Что бы там ни бормотал Орландини о своем милосердии, невозможно было не заметить ужаса, с которым на него смотрела девочка. И хотя побоев на худеньком тельце не было видно, Цецилия не сомневалась, что Орландини пускал в ход кулаки. Она всегда предпочитала прямоту в деловых вопросах, а потому и спросила напрямик: «Я надеюсь, она девственна?» – и была поражена тем, как вдруг исказилось красивое, мрачное лицо Орландини.
– Не сомневайтесь, – буркнул он с отвращением. – Да я скорее кастрировал бы сам себя.
Да, подумала Цецилия, невозможно так ненавидеть кого-то, особенно ребенка, лишь за то, что нашел его в дремучем лесу. Разве что у девчонки премерзкий характер… но это ничего, Гликерия отлично умеет обламывать самых строптивых рабынь и служанок!
Впрочем, именно этого – обламывать девчонку – Гликерия как раз и не стала делать, потому что привязанность, которая сразу возникла между этой женщиной и ребенком, была сродни любви с первого взгляда. Они одного племени, снисходительно думала Цецилия, наблюдая исподтишка, как льнет Дария (таким было имя новой рабыни) к старой садовнице и как играет улыбкою хмурое, морщинистое лицо Гликерии. В ее заботливых руках девчонка мгновенно расцвела и действительно напоминала розу своим ярким, бело-розовым лицом, свежими губами – всем тем ощущением юной прелести, которым так и дышало все ее существо. Хотя красивой, конечно, назвать ее было трудно, и сейчас, глядя в эти слишком широко расставленные глаза, на эти слишком круто изогнутые брови, на вздернутый нос, Цецилия злорадно подумала, что монашеский чепец откровенно уродует Дарию.
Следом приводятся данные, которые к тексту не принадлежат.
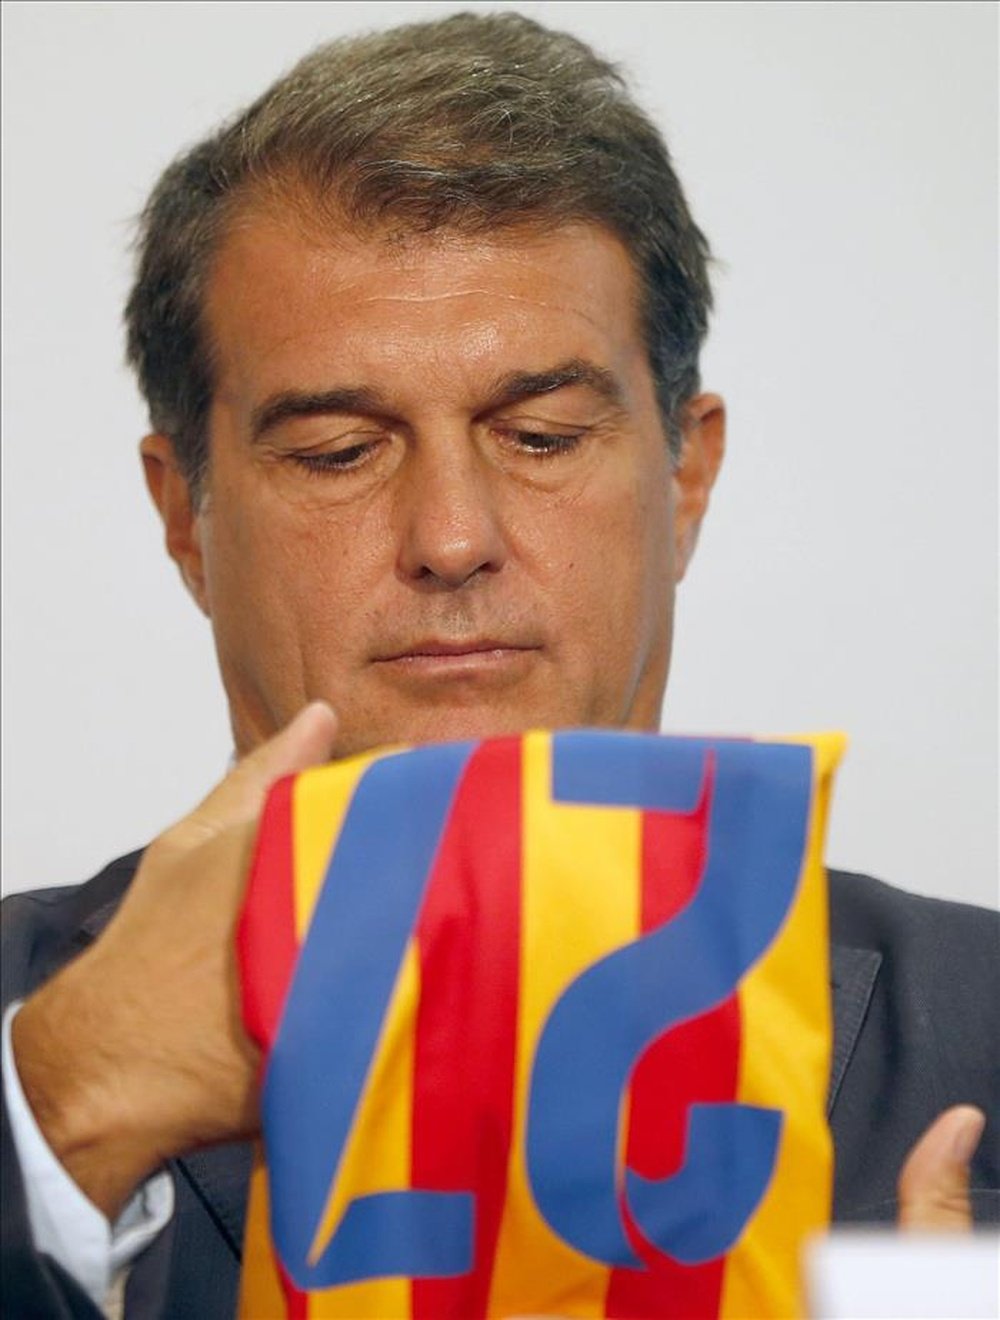 El candidato a la presidencia del FC Barcelona, Joan Laporta. EFE

Как жаль, как бесконечно жаль, что Аретино увидел Троянду в то редкое мгновение, когда она была без чепца, и волосы ее, заплетенные в косу, открывали высокий лоб, и не искажалась прелестная линия скул, и нежный рот не был сжат скорбно и туго… Проще говоря, Аретино увидел Троянду в купальне. До этого там побывало уже с десяток сестер из Нижнего монастыря, и Аретино вдоволь насладился созерцанием юных и не очень юных, стройных и уже обрюзглых нагих женских тел. Мозаичная стена купальни, изображавшая целомудренное умывание Мадонны, была кое-где инкрустирована стеклянными вставками. Со стороны купальни они были непроницаемы, а вот с другой стороны, из-за стены, открывали нескромному взору все подробности монашеских омовений.
Цецилия была тогда рядом с Пьетро – разумеется, как иначе без ее содействия он мог попасть в сии тайные покои! Она сама его туда привела, наивно понадеявшись, что созерцание голых красоток возбудит его угасшие чувства. Однако пылающий взор Аретино был устремлен не на нее!
Цецилия глянула в запотевшее стекло…
Округлый изгиб бедер, узкие плечи, мягкая линия талии – все это напоминало своими очертаниями изящную греческую амфору. Высокая грудь прелестно просвечивала сквозь мокрые светлые пряди, которые касались тела девушки, словно растопыренные пальцы нетерпеливого любовника.
– Как тебя зовут? – послышался шепот.
Цецилия оглянулась.
Глаза Пьетро закрыты, лицо счастливое, спокойное.
– Как тебя зовут? – снова шепнул он пересохшими губами.
Цецилия обхватила плечи ладонями: вдруг стало зябко. Не ее имя спрашивал Пьетро – он знал его отлично!
– Троянда, – шепнула Цецилия. – Троянда… – и тут же пожалела о сказанном.
Одному Господу ведомо, почему она назвала это имя – слишком пышное и роскошное для еще не распустившегося бутона! Следовало бы сказать правду, назвать ее Дарией – и уж позлорадствовать, какое впечатление это произведет на Пьетро, чувствительного к звукам и их слиянию столь же, сколь к сплетению человеческих тел.